Assuming those studies are true, we don’t need to “read stuff that will make you look good if you die in the middle of it.” We romance readers are going to outlive all the critics anyway.


Full Article HERE

And on the topic of romance, I hate when I see books gave me unrealistic expectations about men.  I mean, I have a special hatred in my heart for that crap--right there with my special hatred for reality TV.  Girls, you've obviously never read a romance, WHICH ARE ACTUALLY ABOUT LOVE AND RELATIONSHIPS.

Those guys aren't perfect.  They're screwy, stupid, dominating/posessive, afraid of committment, you-name-it.  In some cases, misogynistic.

But that's why we love them.  I will admit, romance books probably gave me unrealistic expectactions about sex (I'm a virgin, what do I really know anyway? and even romance writers will say it's unrealistic), but not about the male of the species.  Men will be men, and women will be women.  We're different, but we complete each other.  Yin and yang.  The two become one.  All that.

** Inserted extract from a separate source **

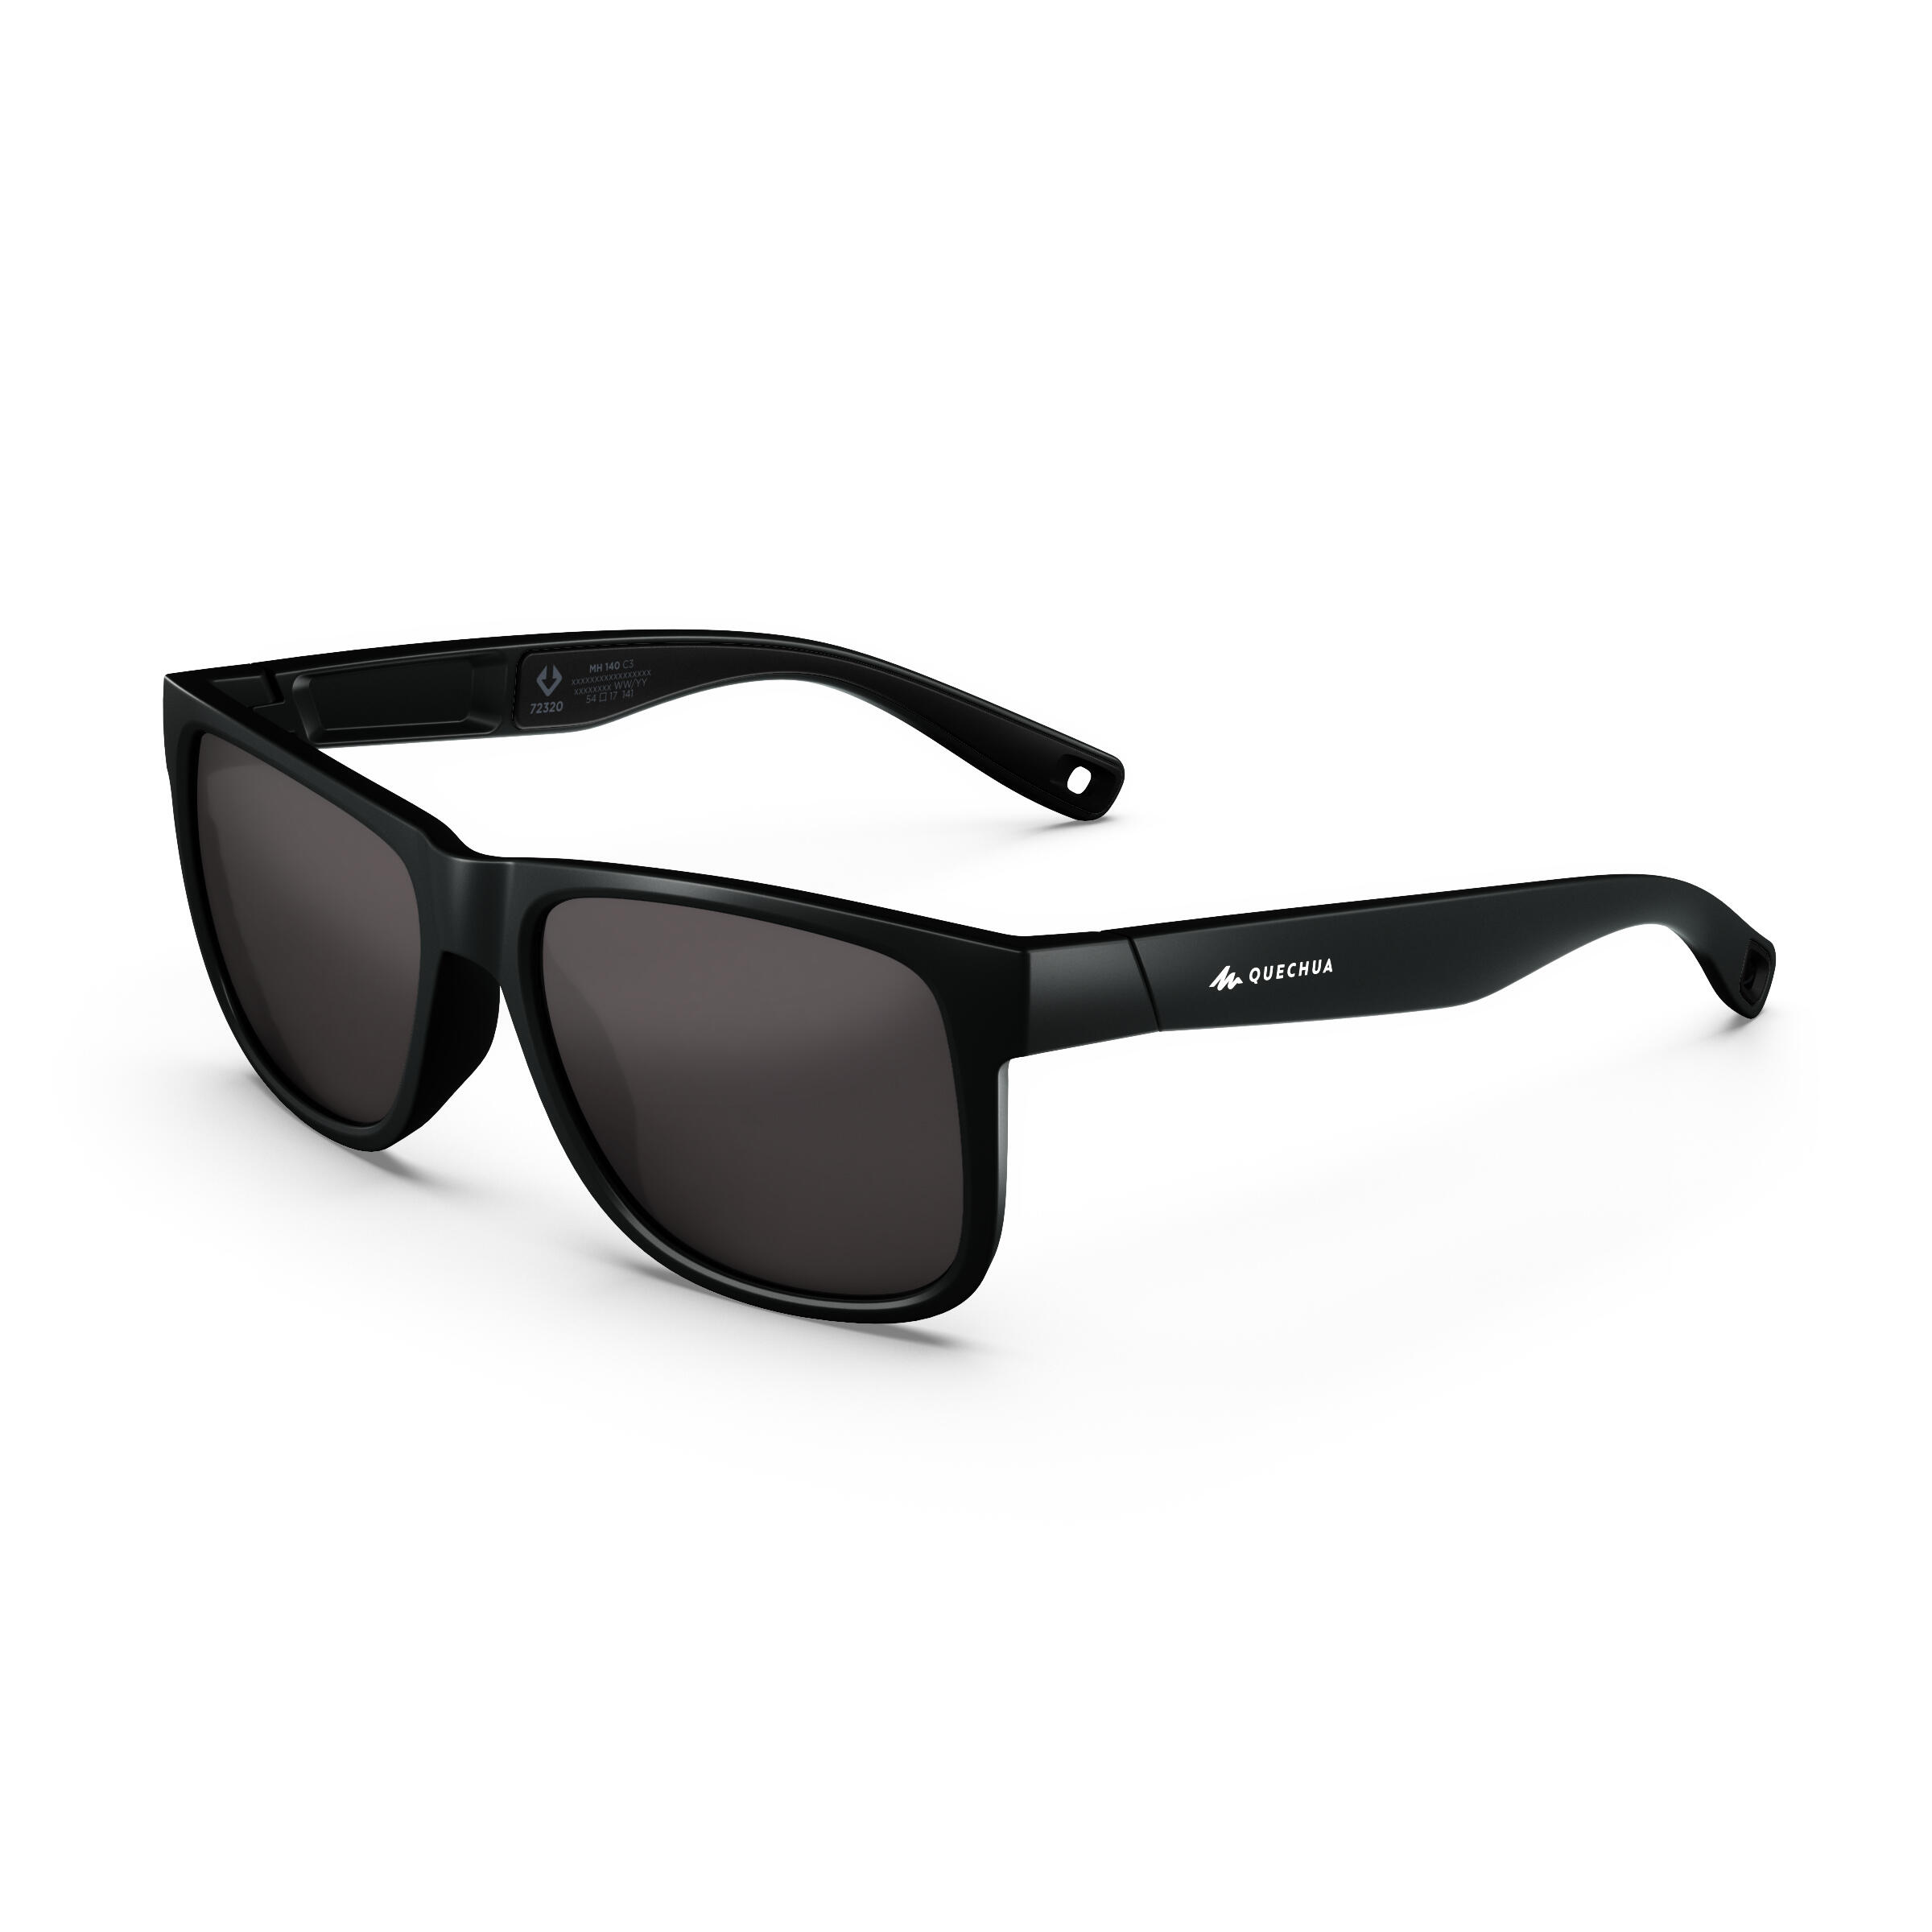 Buy Sunglasses Online, Category 3 UV protection Black
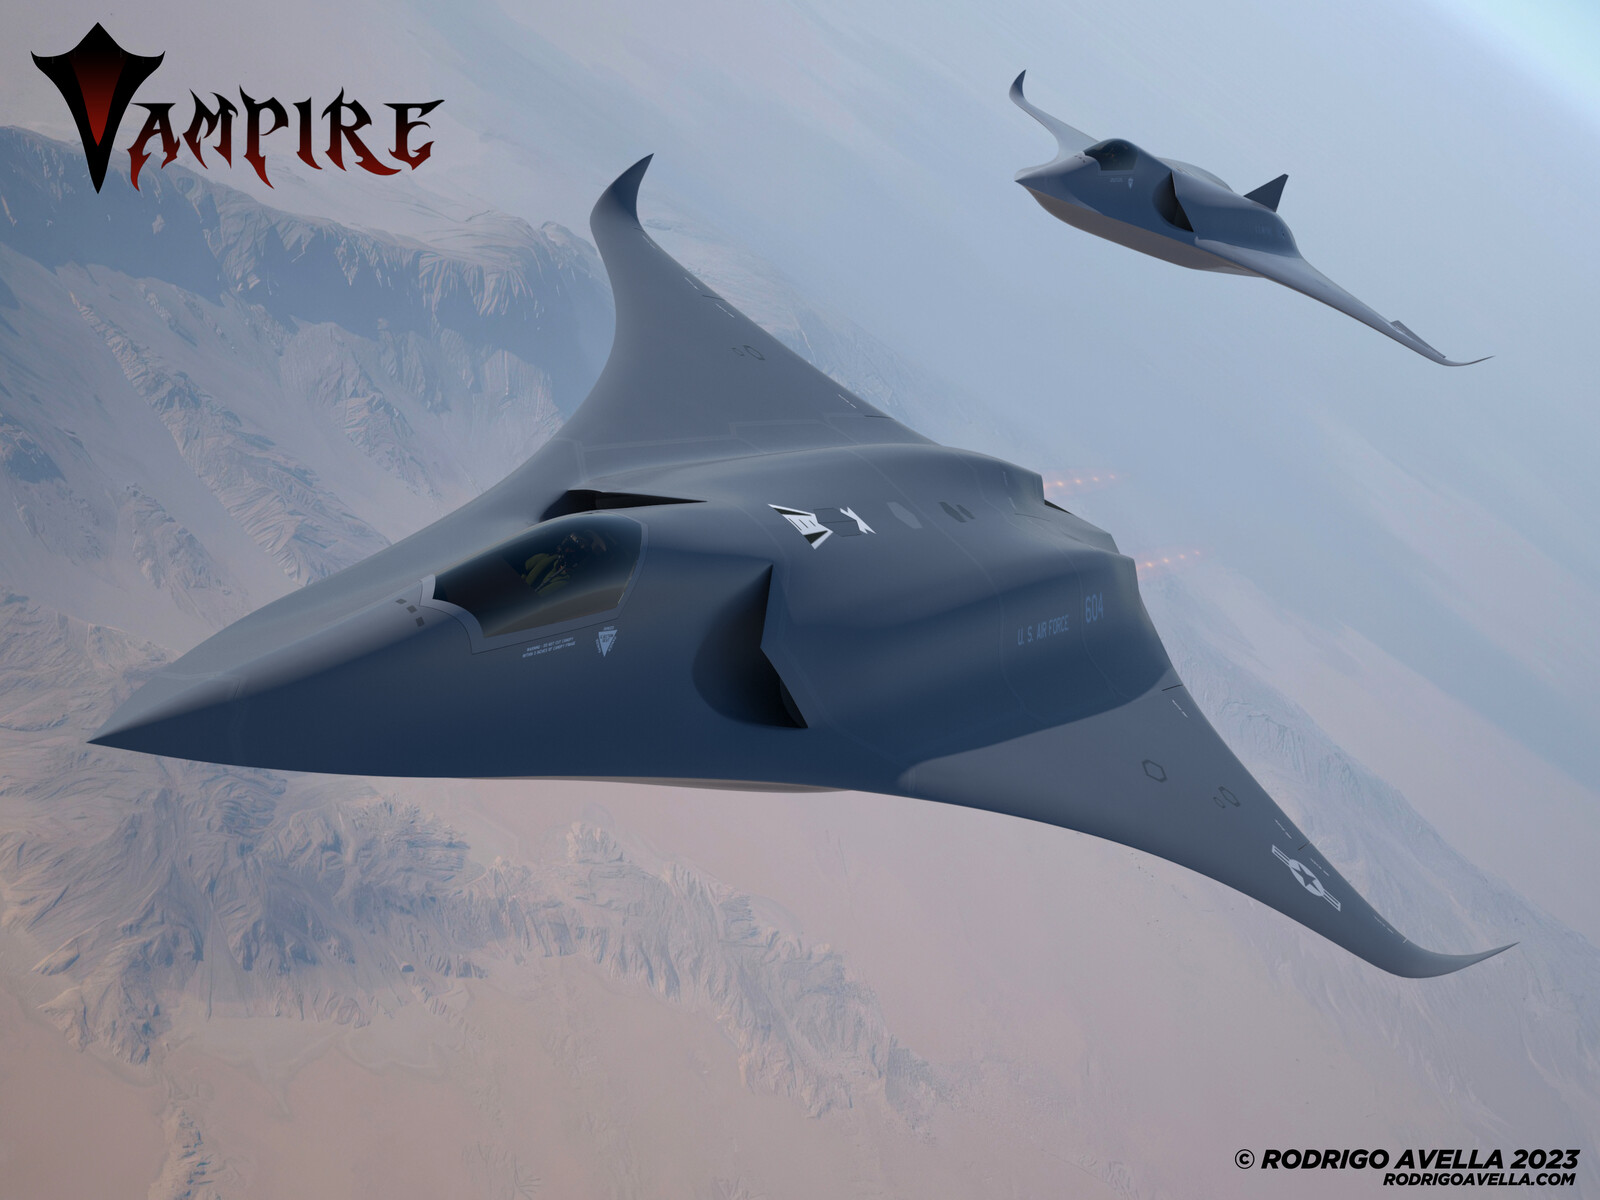 Vampire - Sixth generation fighter concept

Frankly, I think it's mostly girls that are into YA saying it/making the memes.  Girls, that is NOT where to look for your standards for a relationship/husband.  And you're too young to be thinking about that anyway.

Maybe I'm being overly critical.  Maybe because I'm terminally single and I don't even think an idiot out there exists for me.  However, probably more because I read a lot of adult romance, and I don't have a long list of things I'd want in a potential husband.  Because I don't read YA and am not sensitive to the matter.

If I learned anything from romance novels, it's that you never wind up with the kind of person you thought you would, or what you thought you wanted.  He'll annoy you.  And you'll have to learn to work as a team.  You might even hate him at first.  He might be a little dense.  He will not, under any circumstances, be perfect.  He will be a guy.